Длинноволосый, представленный как писатель, ушел, а я стоял посреди кухни. Ее запах, его запах… Снова ее, снова его… И тут пол подо мной рванулся и тошно понесся вниз. Дыры внизу раскрывались – гудело вокруг, гудело и дрожало, ревело глухо, завывало высоко. Я понял, я догадался, и эта догадка обожгла, оглушила. Что-то непоправимое происходило здесь, сию минуту, что-то, только что горевшее ярко, вдруг начало угасать, и не остановить было – пол все падал, падал… Кресло, прочная точка в мире, в небе над бездонной дырой, уходило, тело заворачивало в страшный крен. Пристегни ремень, пристегни, мы садимся!
Тонко выли за окном компрессоры турбин, и внутри тонко, скользко завивалась змея – холодная, невыносимо мерзкая спираль. Люди были вокруг – заходили на кухню, я наталкивался на них, пока прокладывал себе путь обратно в комнату, к другим гостям. Они были и не были – разговаривали, пили, шуршали газетами и одеждой, но я был один, падал сквозь холодное небо, километры вниз, и надо было держаться за ручки до скрипа, до щелканья костей, сливающегося с вибрацией тонкого корпуса – чтобы не завизжать, как свинья, от ужаса – нельзя кричать, стыдно, люди, общество, нельзя, нельзя бояться…

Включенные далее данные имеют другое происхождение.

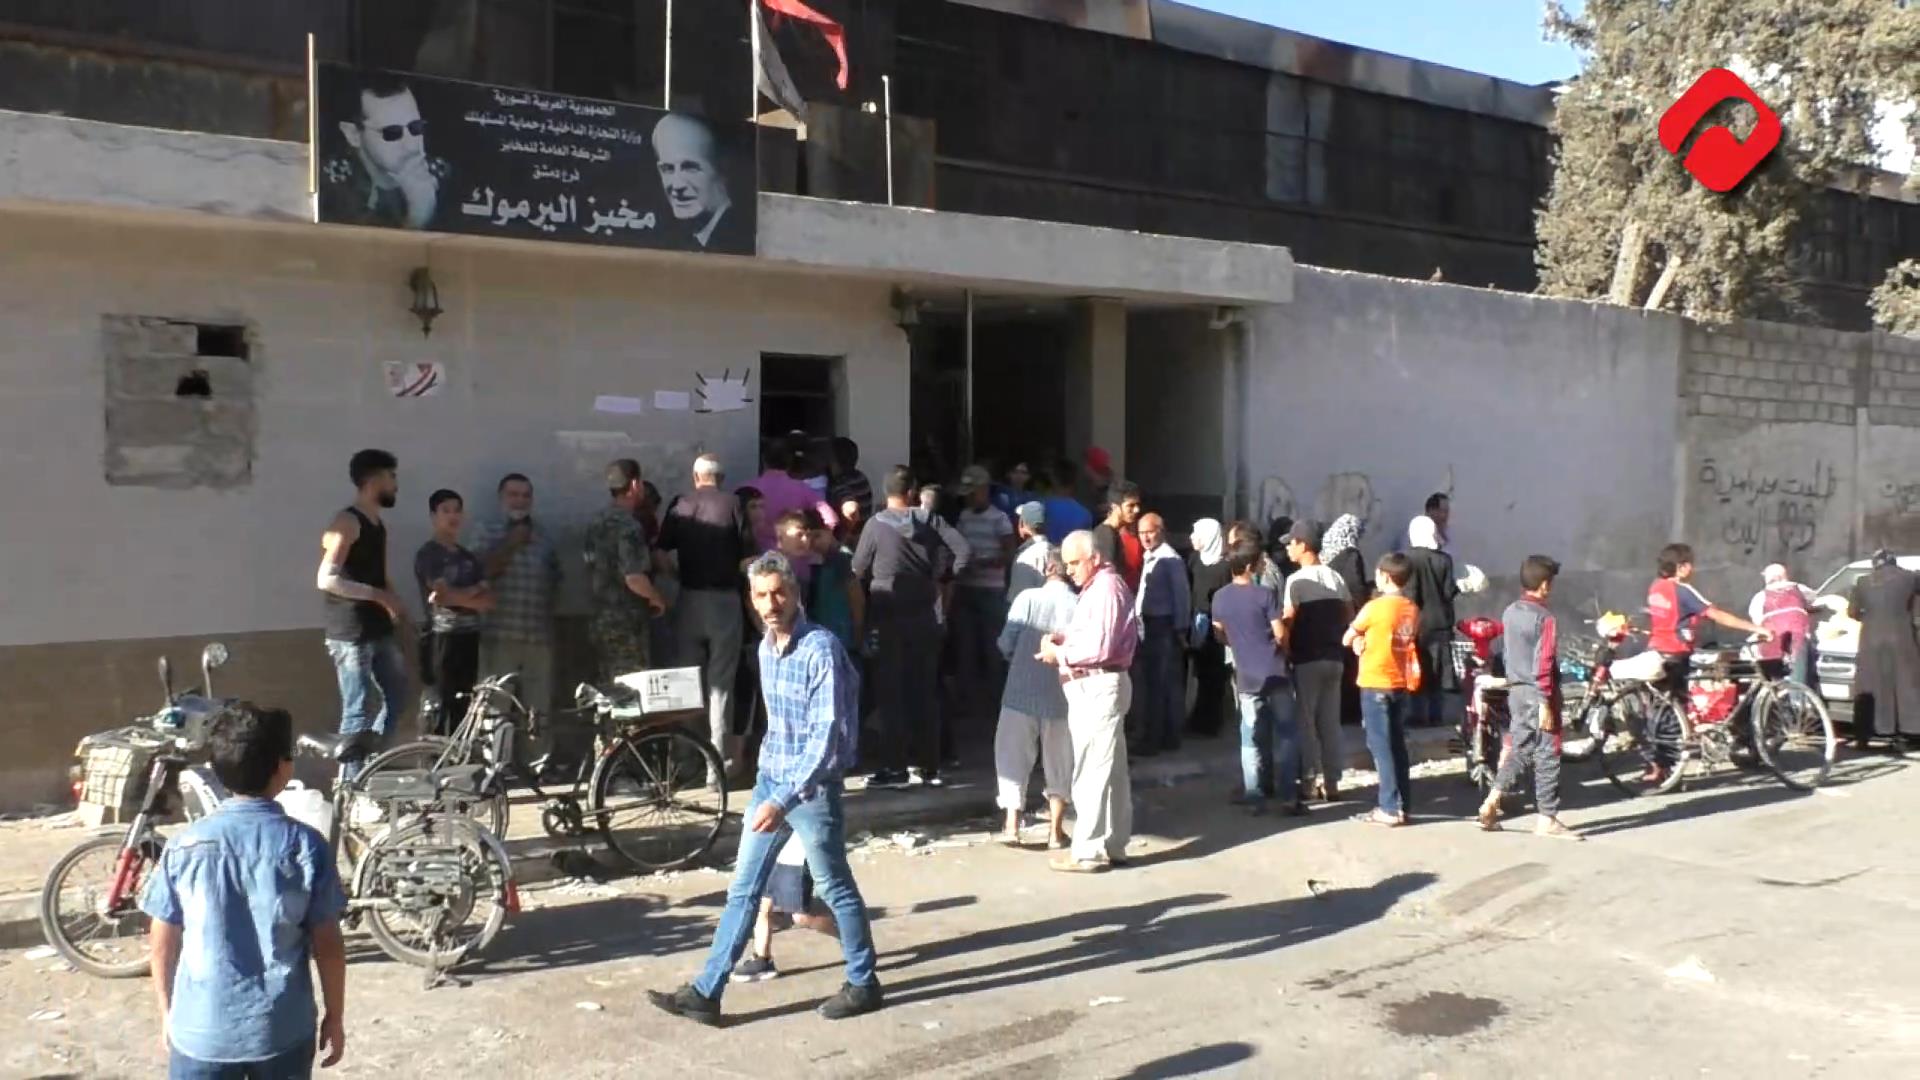 كورونا ينتظر دوره على اﻷفران وصالات السورية للتجارة بين جموع المواطنين (فيديو)

Что-то грохнуло под полом, тряхнуло, забилось, а я все падал, в ушах стояли плотные, как одеяла, комья, и в горле клокотало горячее и рваное.
– Музыка, – где-то в другом конце комнаты объяснял писатель, – каждый вечер здесь такая музыка. Русская дискотека, будь она неладна.
Я отыскал ее, я рвал ее за рукав в сторону коридора.
– Не бойся, сейчас сядем. Уже выпустили шасси.
– Надо поговорить, – умолял я. – Пойдем! Мне надо срочно что-то у тебя спросить.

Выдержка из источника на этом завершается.